Anyhow, many thanks to everyone for your participation


----------



## Drink

Hemza said:


> I'm not anyone to fix rules, but I think that if in Old Hebrew or at least, once in history, it has been pronounced "w", it's not incorrect, right? I understand that in most words, it's rendered as "v" though. In Arabic, the sound "v" doesn't exist. May be, Aramaic can help about this if someone knows about it?
> 
> Anyhow, many thanks to everyone for your participation



Here is where the question of why you are learning the language becomes important. If you are learning Hebrew just to read the Bible, then you can pronounce either the historical or the modern way. But if you are learning Hebrew to be able to communicate with Israelis, then it will sound very strange if you use the historical pronunciation. Even traditional Ashkenazi Jews and Yemenite Jews, who each have their own traditional Hebrew pronunciations that they still use for liturgy, use the modern Israeli pronunciation in conversation.


----------



## Hemza

Drink said:


> Here is where the question of why you are learning the language becomes important. If you are learning Hebrew just to read the Bible, then you can pronounce either the historical or the modern way. But if you are learning Hebrew to be able to communicate with Israelis, then it will sound very strange if you use the historical pronunciation. Even traditional Ashkenazi Jews and Yemenite Jews, who each have their own traditional Hebrew pronunciations that they still use for liturgy, use the modern Israeli pronunciation in conversation.



No, it's not for reading Bible (at least, not yet ). It's just because I like it. No offense, but I don't like how modern Hebrew sounds, I hear too much "kh" and "k" sounds. Also, Biblical Hebrew pronounciation is closer to Arabic than modern Hebrew (comparing modern Hebrew with Arabic). I'm aware that it probably sounds very strange to Hebrew speakers today to hear biblical pronounciation but it's not to communicate with Israelis (not yet so I have time before being mocked ) but I have a friend who is Algerian-Tunisian and he knows Hebrew so we've concluded a kind of agreement: I learn Hebrew and he helps me and he learns Arabic and I help him. Also, to help myself, I use videos on youtube of a woman who gives Hebrew lessons (in English).


----------



## Drink

Hemza said:


> No, it's not for reading Bible (at least, not yet ). It's just because I like it. No offense, but I don't like how modern Hebrew sounds, I hear too much "kh" and "k" sounds. Also, Biblical Hebrew pronounciation is closer to Arabic than modern Hebrew (comparing modern Hebrew with Arabic). I'm aware that it probably sounds very strange to Hebrew speakers today to hear biblical pronounciation but it's not to communicate with Israelis (not yet so I have time before being mocked ) but I have a friend who is Algerian-Tunisian and he knows Hebrew so we've concluded a kind of agreement: I learn Hebrew and he helps me and he learns Arabic and I help him. Also, to help myself, I use videos on youtube of a woman who gives Hebrew lessons (in English).
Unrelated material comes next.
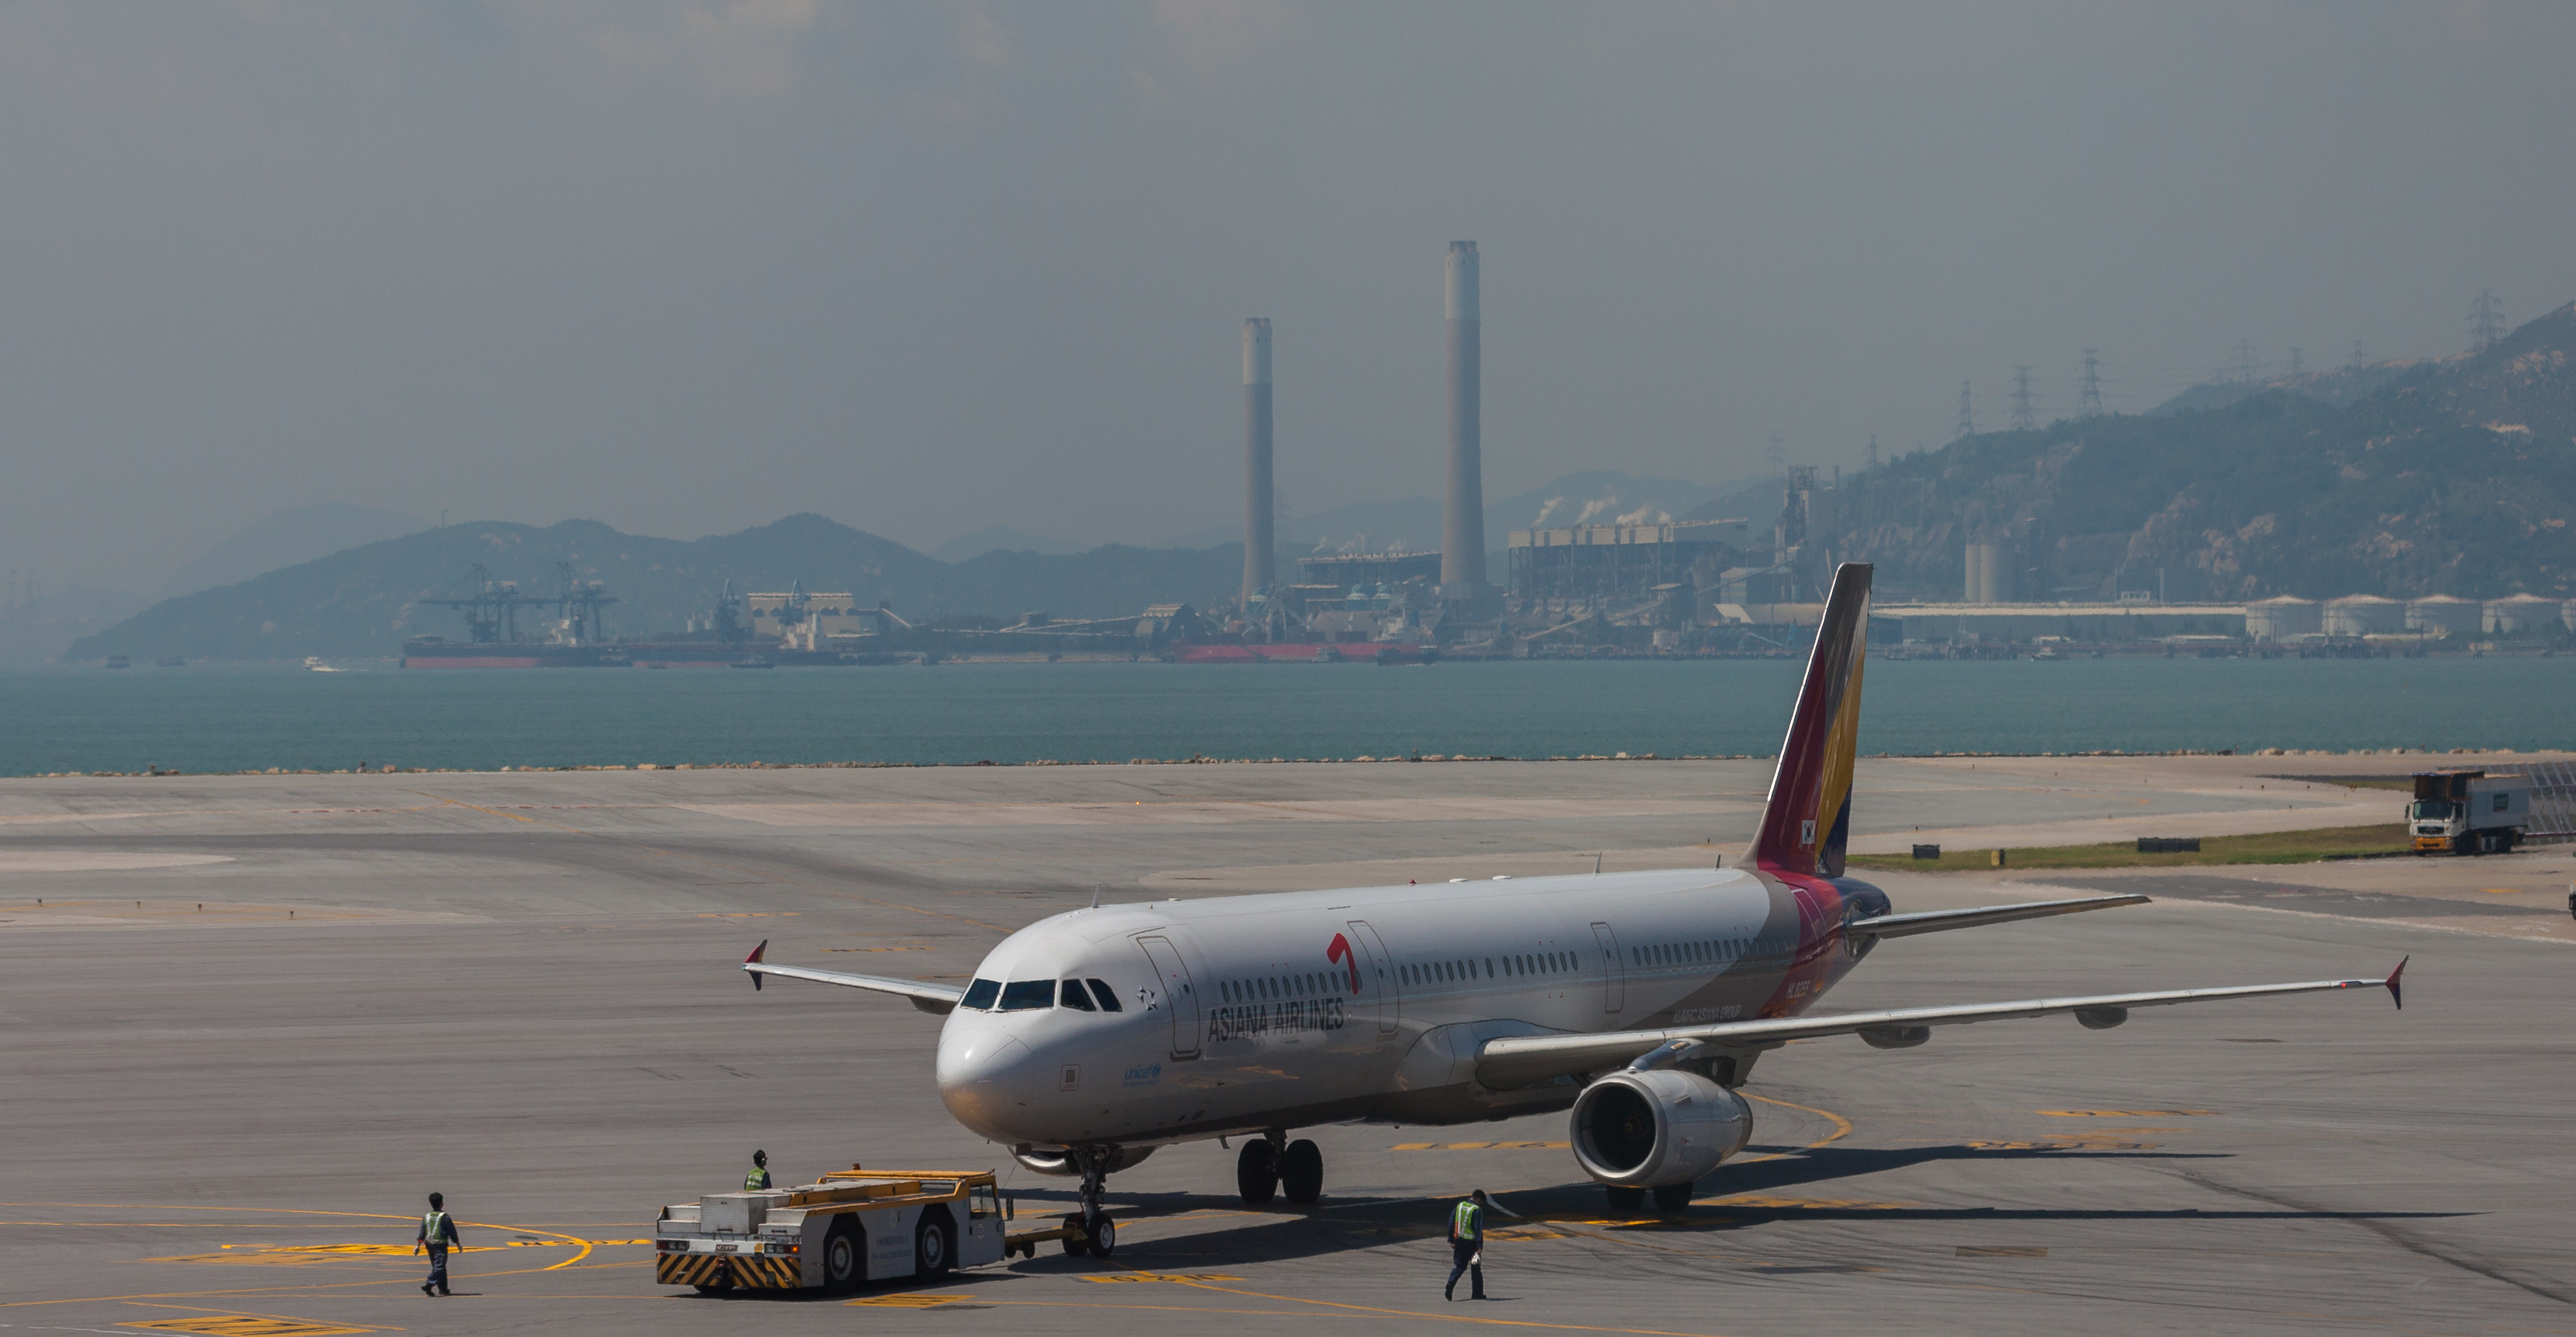 Aeropuerto de Hong Kong, 2013-08-13, DD 17
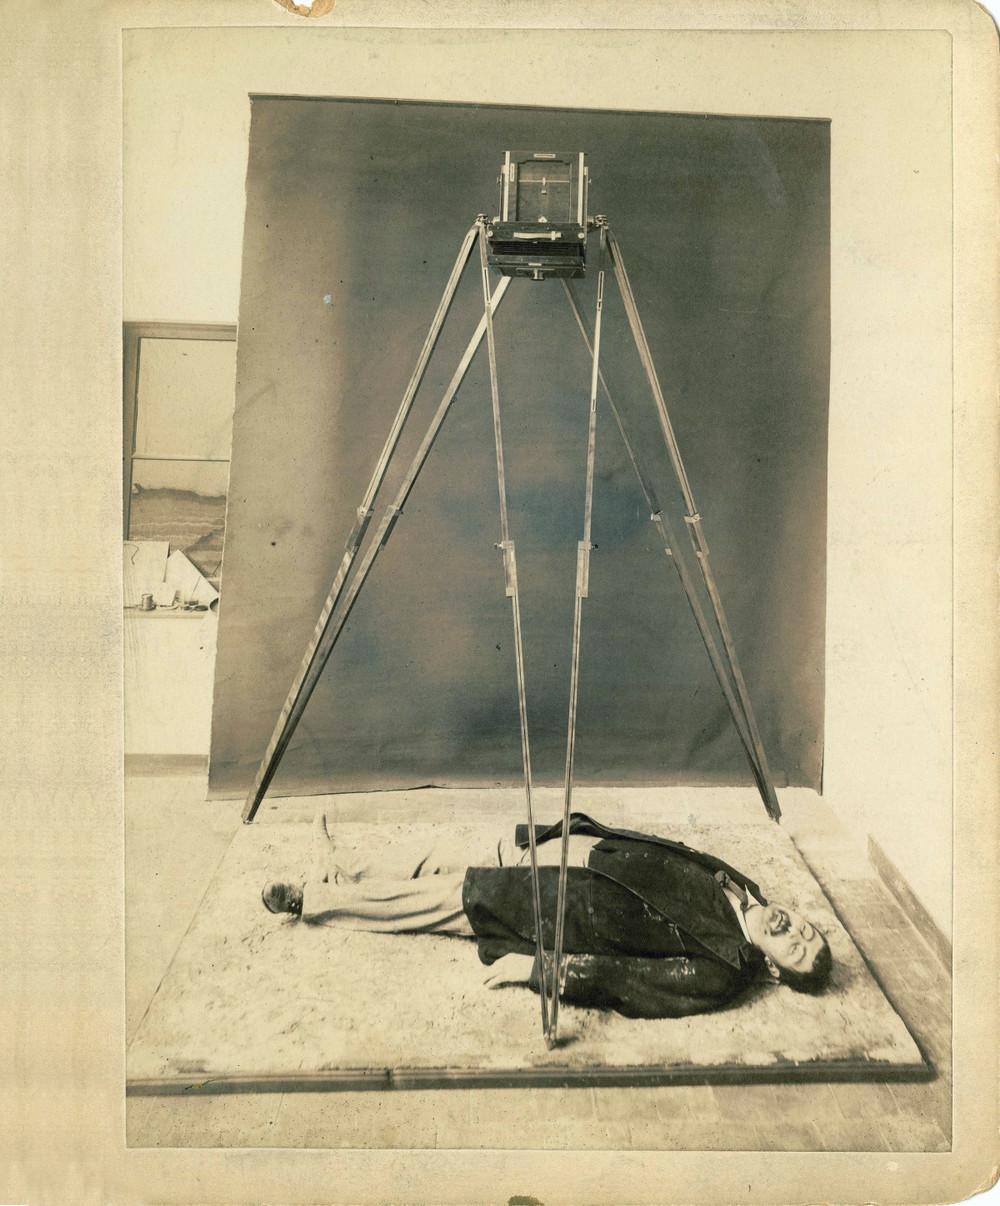 Ειδική μέθοδος φωτογράφησης πτωμάτων. Τοποθετούσαν την κάμερα ακριβώς πάνω απ' το πτώμα, έτσι ώστε το κέντρο να βρίσκεται ανάμεσα στα μάτια του. Τους βοηθούσε να υπολογίσουν τις ακριβείς σωματικές διαστάσεις του

In that case, it seems that you should go with how your friend pronounces it.


----------



## k8an

Hemza said:


> No, it's not for reading Bible (at least, not yet ). It's just because I like it. No offense, but I don't like how modern Hebrew sounds, I hear too much "kh" and "k" sounds. Also, Biblical Hebrew pronounciation is closer to Arabic than modern Hebrew (comparing modern Hebrew with Arabic). I'm aware that it probably sounds very strange to Hebrew speakers today to hear biblical pronounciation but it's not to communicate with Israelis (not yet so I have time before being mocked ) but I have a friend who is Algerian-Tunisian and he knows Hebrew so we've concluded a kind of agreement: I learn Hebrew and he helps me and he learns Arabic and I help him. Also, to help myself, I use videos on youtube of a woman who gives Hebrew lessons (in English).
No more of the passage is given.